Introduction to HTC and Condor for (CE) Administrators


INFN online training - March 15th, 2022.

Francesco Prelz, francesco.prelz@mi.infn.it

⇔ Program

  1. High Throughput vs High Performance - why ?
  2. Role, structure and interplay of the (HT)Condor daemons.
    Or (1): where are policies configured and enforced?.
    Or (2): what are the differences among the three VMs we just set up?
  3. The job life-cycle. "Where" the heck "is" my (or her/his) job ?
  4. Log files, debug levels and other information sources.
  5. Brief hands-on session.
There's many important things we do not cover here, e.g:

⇔ High Performance or High Throughput?

HTC picture (1/3)

high-throughput / high-performance

HTC picture (2/3)

high-throughput / high-performance

HTC picture (3/3)

high-throughput / high-performance
FLOPY FLOPS

⇔ Condor "philosophy"

Condor philosophy in one sentence (Greg Thain's):

To reliably run as many jobs as possible
on as many machines as possible, subject to all constraints.

(in order of precedence - reliability is first! - "Jobs are like money in the bank"®)

  • All daemons take a crisply defined responsibility in realising this first principle.
Let's first agree on some generic batch system terminology:
  • Job execution requests are described according to some convention and collected at submit nodes and queued somewhere.
  • Jobs are executed on worker nodes (sometimes called workers, or execution nodes), where all needed dependencies and environment are hopefully satisfied.
  • Batch systems typically organise management functions and processes on head nodes - mostly distinct from workers.
  • Our three VMs wish to represent these three node categories.
  • We cannot and should not forget the human factor - we cannot call them names. This is where all the constraints come from.

Reliably run...

...as many jobs...

...on as many machines as possible.

The policy of worker (or execution) nodes is represented by the condor_startd:
  • The startd doesn't start jobs - it rather manages the machine and creates “slots”, places for jobs to run, then starts an actual condor_starter. ›
  • In case of conflict with the job policy the machine wins. The resource owner is the boss and the job is a guest.
  • The startd is near-sighted: it just sees the machine and the running and candidate jobs - knows nothing of the rest of the system.
  • The startd can select, pre-empt, limit jobs, and choose how to describe the local machine to the world.
We can now name and locate the various daemons more precisely.
  • One condor_starter per slot/per job manages the running jobs:
    • Creates environment.
    • Monitors and reports job usage.
    • Properly (and "philosophically") cleans up after use (and the startd cleans up after the starter).
    • Handles file transfer (preferred over unmanaged, undeclared shared FS), communicating directly with its partner on the submit side, the condor_shadow.
    • Many of these functions can fail.
  • Two more daemons left to describe: the condor_collector and condor_negotiator.

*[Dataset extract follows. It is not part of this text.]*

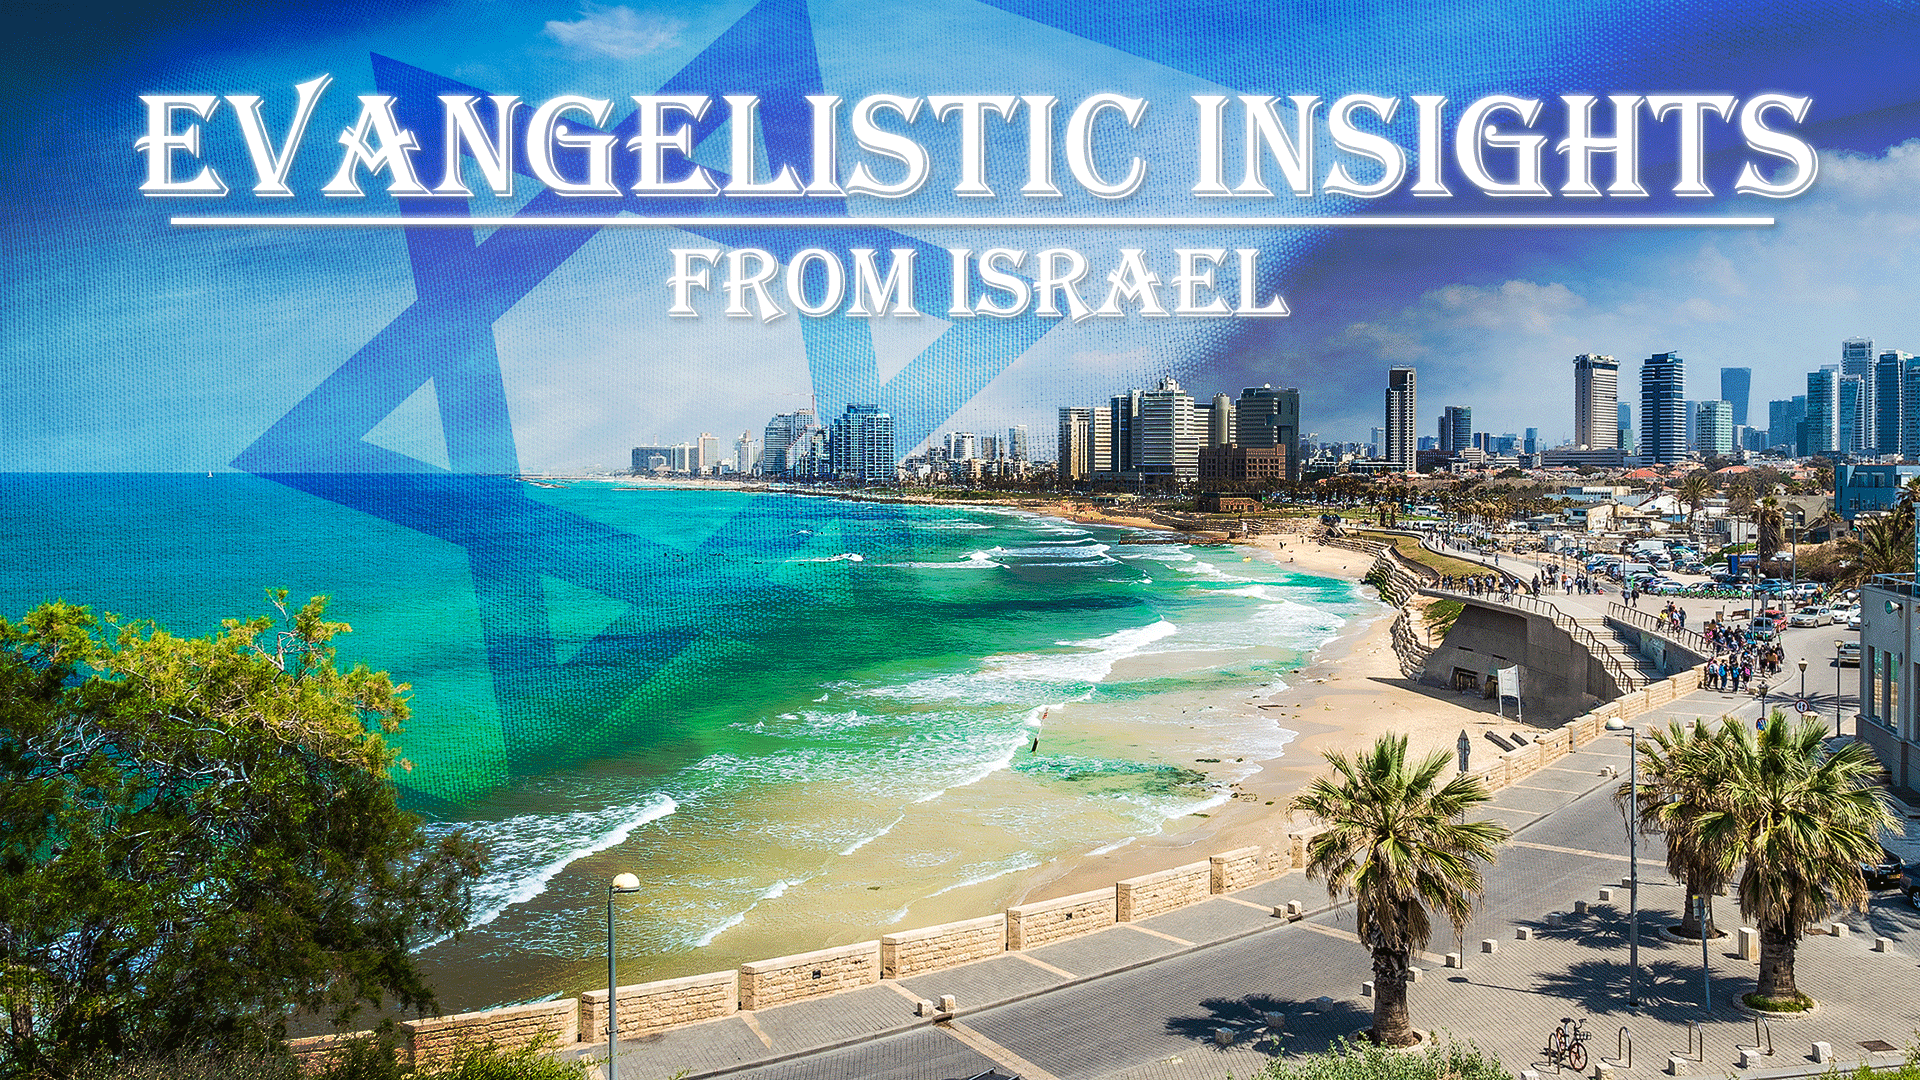 Evangelistic Insights from Israel with Avi Mizrachi - Thumb

⇔ The "Central Manager" (1)

I.e.: Condor Services typically running on the head nodes.

⇔ The "Central Manager" (2)

⇔ The spinning pie

  1. Get all slots in the pool (via condor_status, possibly selecting them with NEGOTIATOR_SLOT_CONSTRAINT).
  2. Get all submitters with pending requests (condor_status -submitters).
  3. Compute the number of slots submitters should get
    • Based on historical usage (condor_userprio -all).
    • With corrections: effective_priority = real_priority * (configurable) priority_factor.
    • Priority smoothed by PRIORITY_HALFLIFE, defaulting to 86400 (seconds - 24 hours).
  4. Hand out slots to submitters in ascending effective priority order (a lower priority value means higher priority in Condor).
    • When more matching slots than needed are found, they are ordered by RANK.
  5. As the slot allocation is performed before checking for matches, there will be leftover slots to assign. Repeat as needed.
  6. The matching ('claimed') startd and schedd will begin handling the request - starting the starter and shadow. Many things can still fail at this level...

⇔ Daemon configuration

Life cycle of HTCondor job: (again, courtesy Greg Thain)

Where it all starts: a submit file. Submit files are not ClassAds.

universe = vanilla executable = /path/to/my/computation    request_memory = 70M arguments = $(ProcID) should_transfer_input = yes output = out.$(ProcID) error = error.$(ProcId) log = /path/to/user.log +IsVerySpecialJob = true Queue
JobUniverse = 5 Cmd = computation Args = “0” RequestMemory = 70000000 Requirements = Opsys == “Linux...    DiskUsage = 0 Output = “out.0” Error = “error.0” UserLog = “/path/to/user.log” IsVerySpecialJob = true

In both condor_q and condor_status, the -af ('autoformat') option is very practical to list specific attributes (-af:l shows the attribute names, -af:th formats a nice table):

$ condor_status -af Machine DetectedMemory Disk baldassarre.fisica.unimi.it 128724 171330201 baldassarre.fisica.unimi.it 128724 343348 bell.heisenberg.pcteor1.mi.infn.it 32132 838312772 bethe.heisenberg.pcteor1.mi.infn.it 24147 437415148 bloch.heisenberg.pcteor1.mi.infn.it 64513 884268984 (...)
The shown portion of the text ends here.